I love my Noreve case that I have for my DXG - don't know if their K3 cases are available yet, but I think they make a quality product.


----------



## toj (Aug 2, 2010)

Best Buy stores now have the Kindle in stock. They are carrying Amazon and M-Edge cases so you can actually go look and assess the quality of those covers in person.


----------



## JCBeam (Feb 27, 2009)

Cole Haan is delicious!  I've got the saddle tan and am absolutely in love with it.  I sold my Oberon after a year and bought the Cole Haan which was on sale for $50.  Cole Haan was the cover I initially wanted but it was quite expensive when it first came out.


----------



## berfles (Sep 22, 2010)

JCBeam said:


> Cole Haan is delicious! I've got the saddle tan and am absolutely in love with it. I sold my Oberon after a year and bought the Cole Haan which was on sale for $50. Cole Haan was the cover I initially wanted but it was quite expensive when it first came out.


That one looks nice, but I don't think they have a Kindle 3 version. Plus it's ungodly expensive, though I may consider it if they get make Kindle 3 versions.

EDIT: My bad, they do have kindle 3 versions.


----------



## KimberlyinMN (Dec 30, 2009)

CAR said:


> I had a Amazon lighted case and I thought the build quality was excellent. Go with the unlighted version.


I totally agree. My lighted cover is great!


----------



## joolz (Aug 24, 2010)

I agree that the Amazon cover is very well made, but the leather itself feels cheap to me.
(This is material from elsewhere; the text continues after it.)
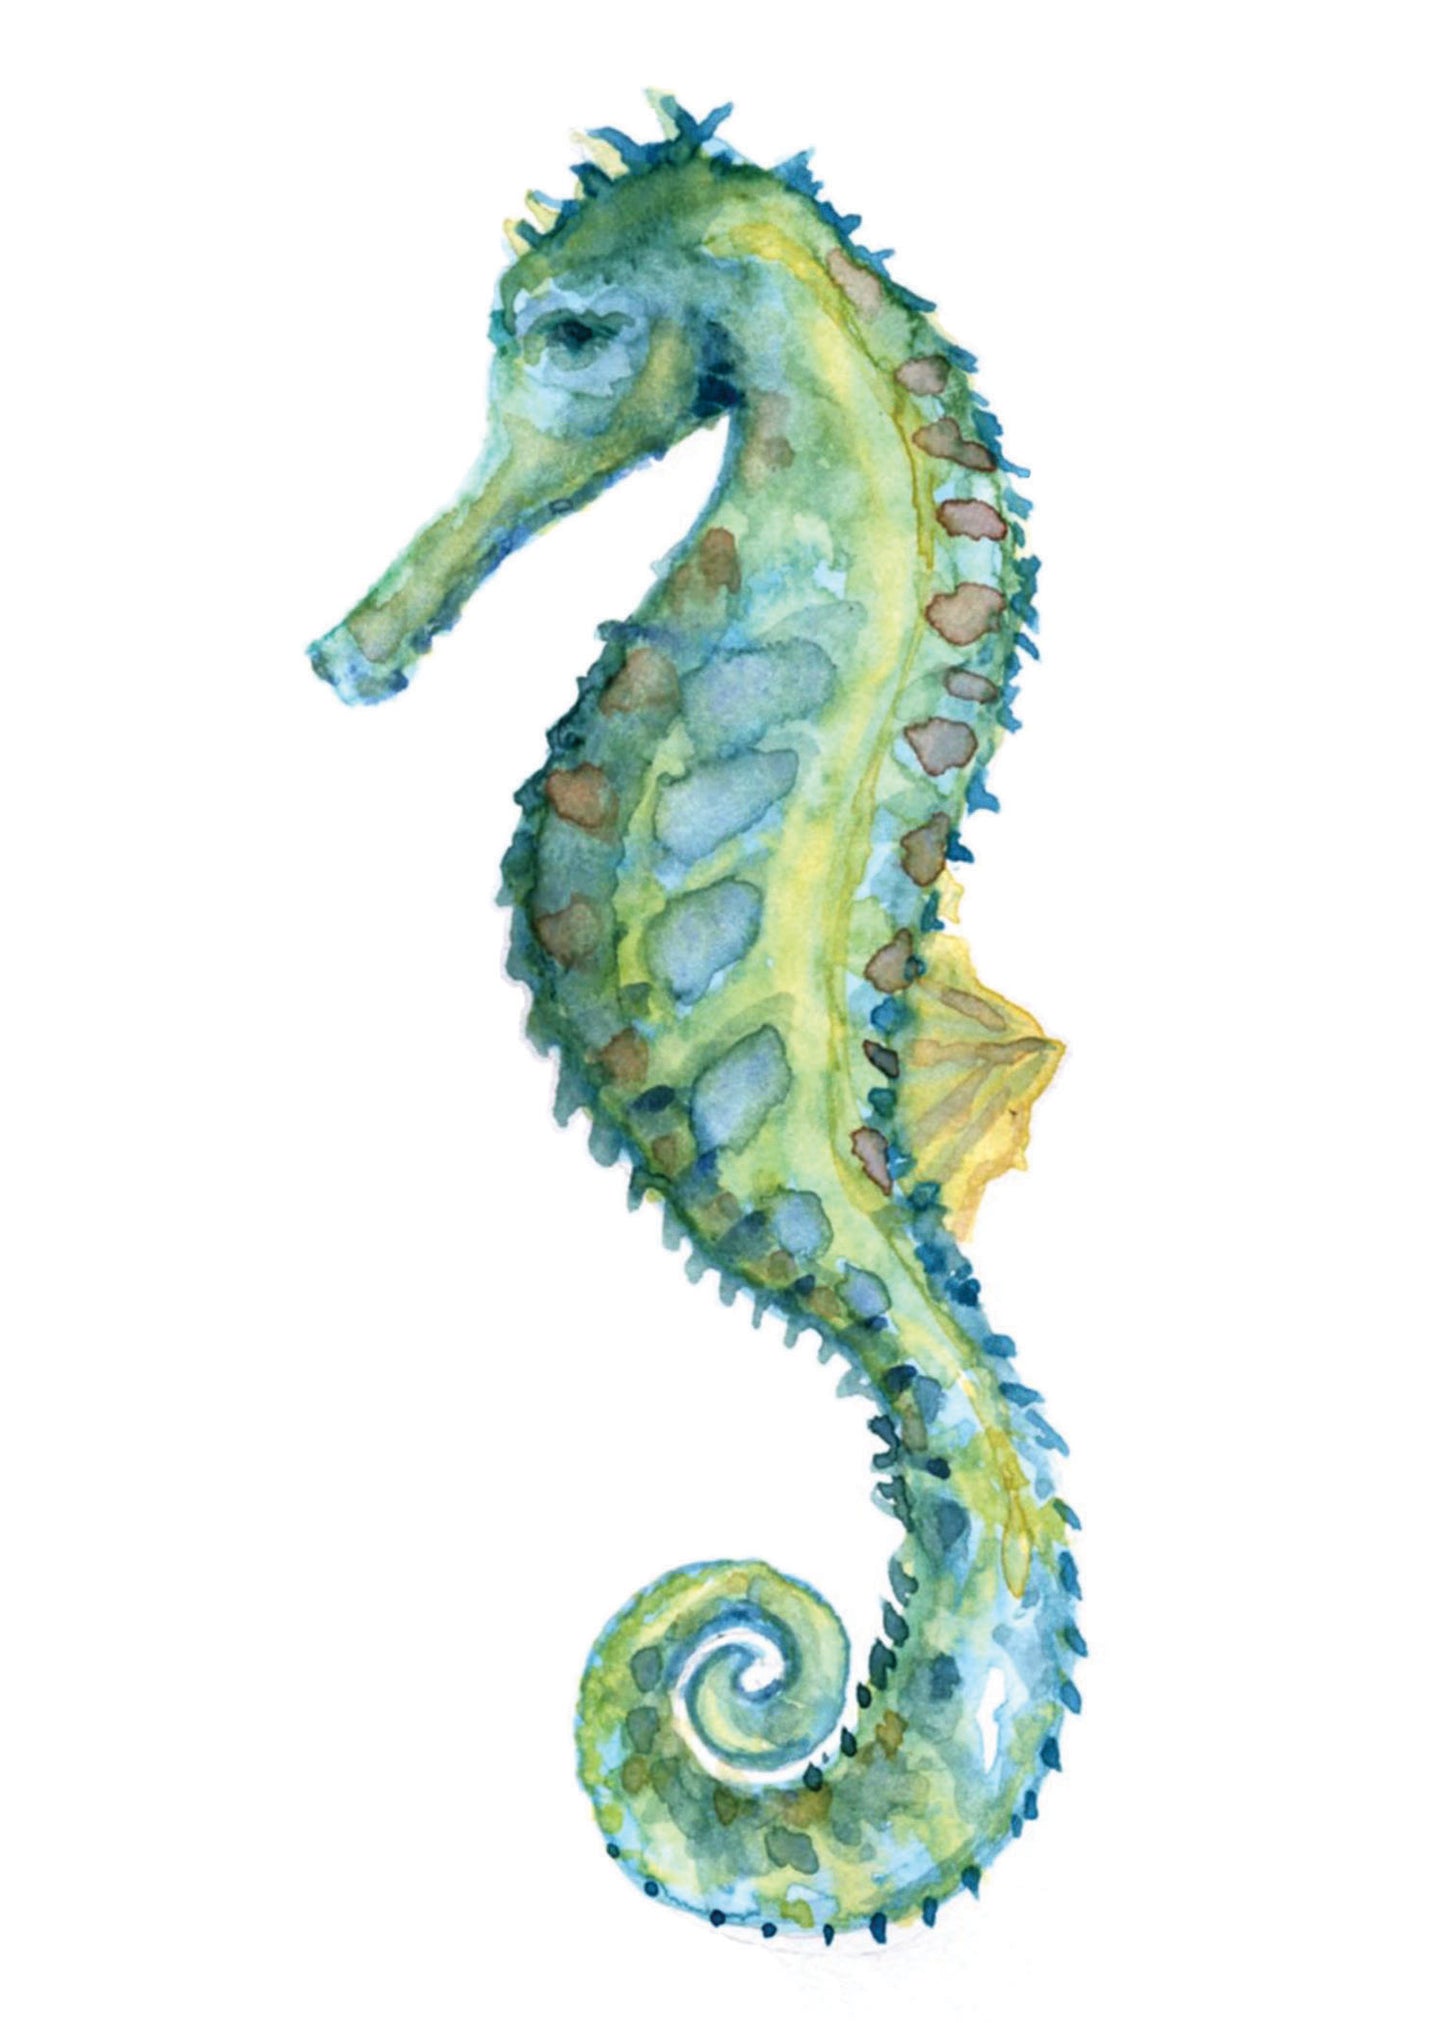 Blue Seahorse Watercolor Print and Art 8x8 for Flamingo or - Gifts Wood Home Block Original Decor – 5x5 Shores on
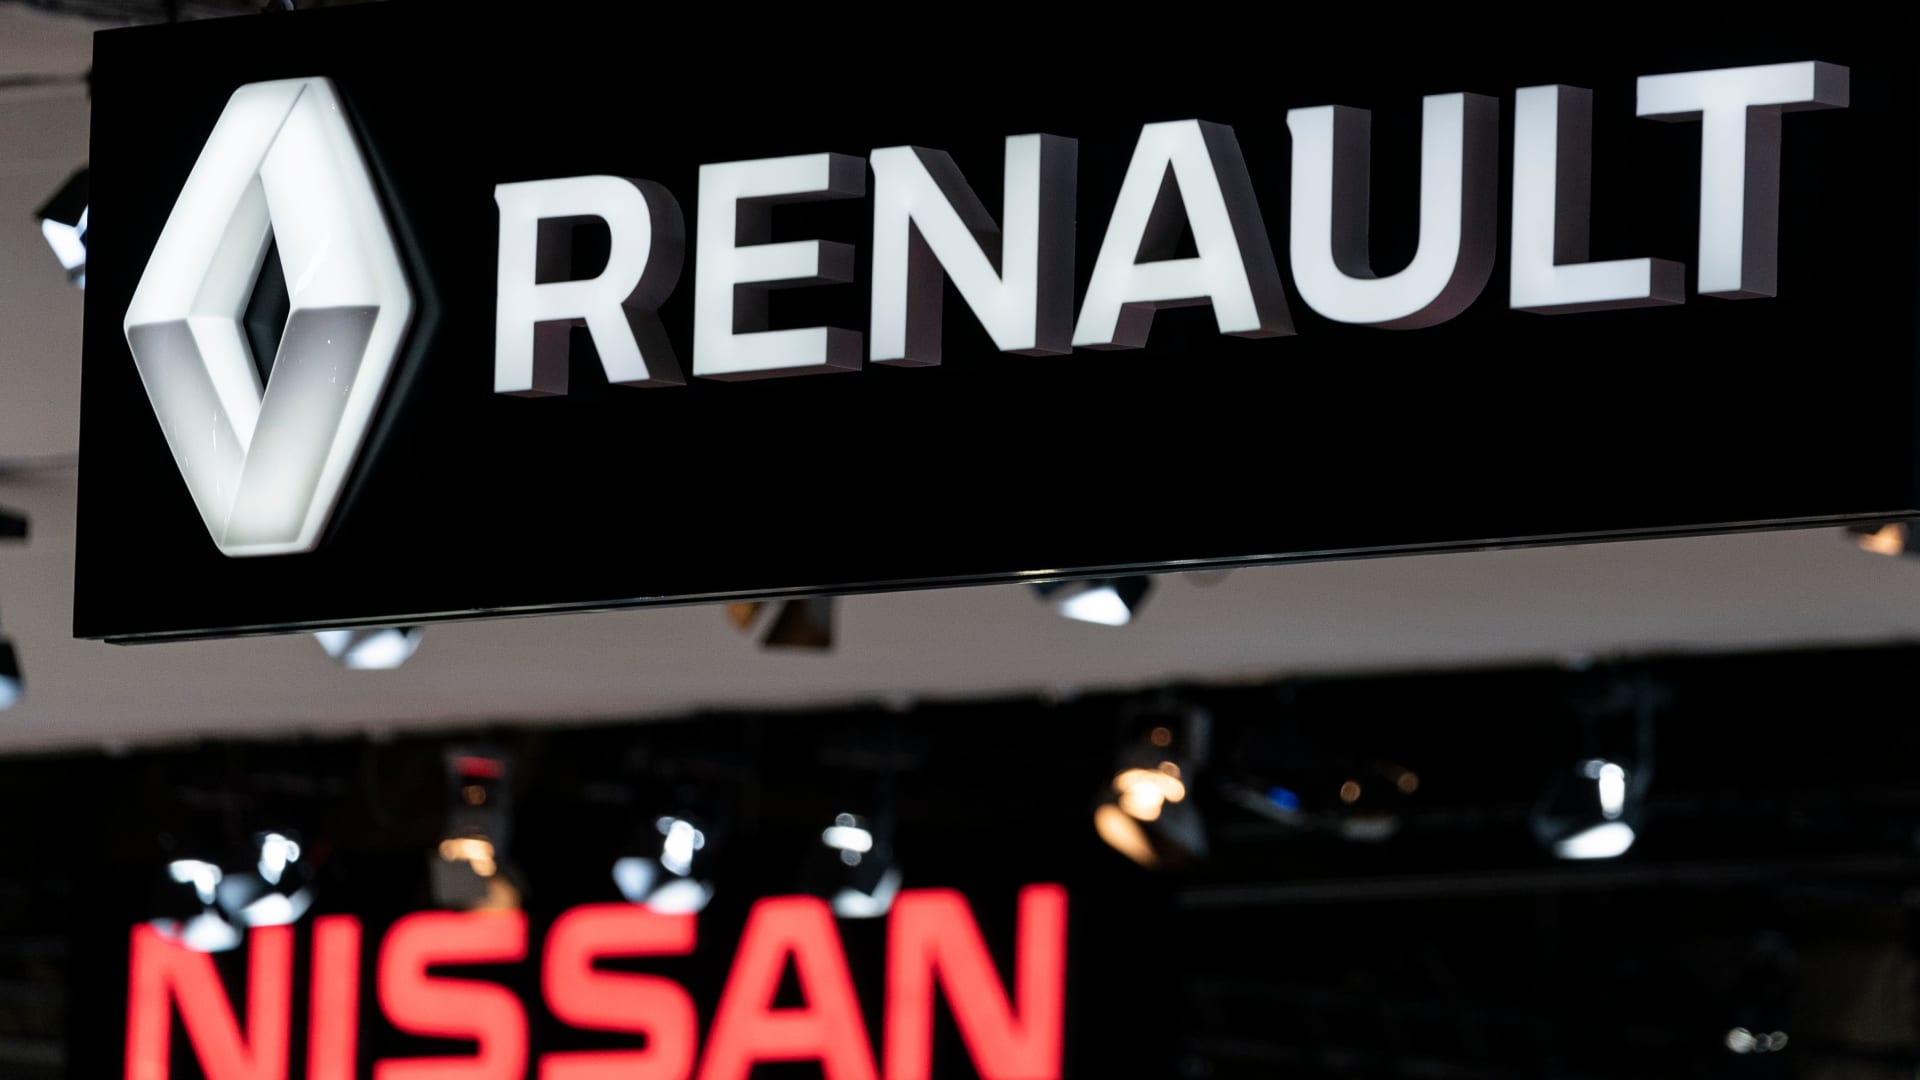 Renault slashes Nissan stake as the automakers overhaul their decades-long alliance

That said, it has held up very well banging around in my purse; softer leather would probably be looking a little distressed by now.


----------



## berfles (Sep 22, 2010)

Eh, I don't think I'll be happy unless I get a case from an actual leather company, like that Noreve or Cole Haan.  I'll still check the Amazon case out in a store first, but if the leather feels cheap I'm not going to like it.


----------



## berfles (Sep 22, 2010)

Bumping this back up to see if any new cases have come out that are good quality leather. I just want a plain leather case made of quality leather, and prefer not to have it secure the Kindle with those dumb straps on all the corners. Are there any like that actually fit the slots on the Kindle?

Why won't this Cole Haan work, are the hinges that different?

http://www.amazon.com/Cole-Haan-Hand-Stained-Leather-Generation/dp/B0026IBJNQ

I keep reading how people aren't that thrilled with the Kindle3's Cole Haan and liked the one for Kindle2 better.


----------



## KimberlyinMN (Dec 30, 2009)

berfles said:


> Why won't this Cole Haan work, are the hinges that different?
> 
> http://www.amazon.com/Cole-Haan-Hand-Stained-Leather-Generation/dp/B0026IBJNQ


The hinge placement for the K3 is totally different than the K2.


----------



## Bonbonlover (Oct 17, 2010)

berfles.. I don't know that you have stated, but I presume you have a Kindle3. If so, then no the Cole Haan cover you linked will not fit as it was designed for the Kindle2 (which is bigger). here is a link to a similar Cole Haan designed for the k3.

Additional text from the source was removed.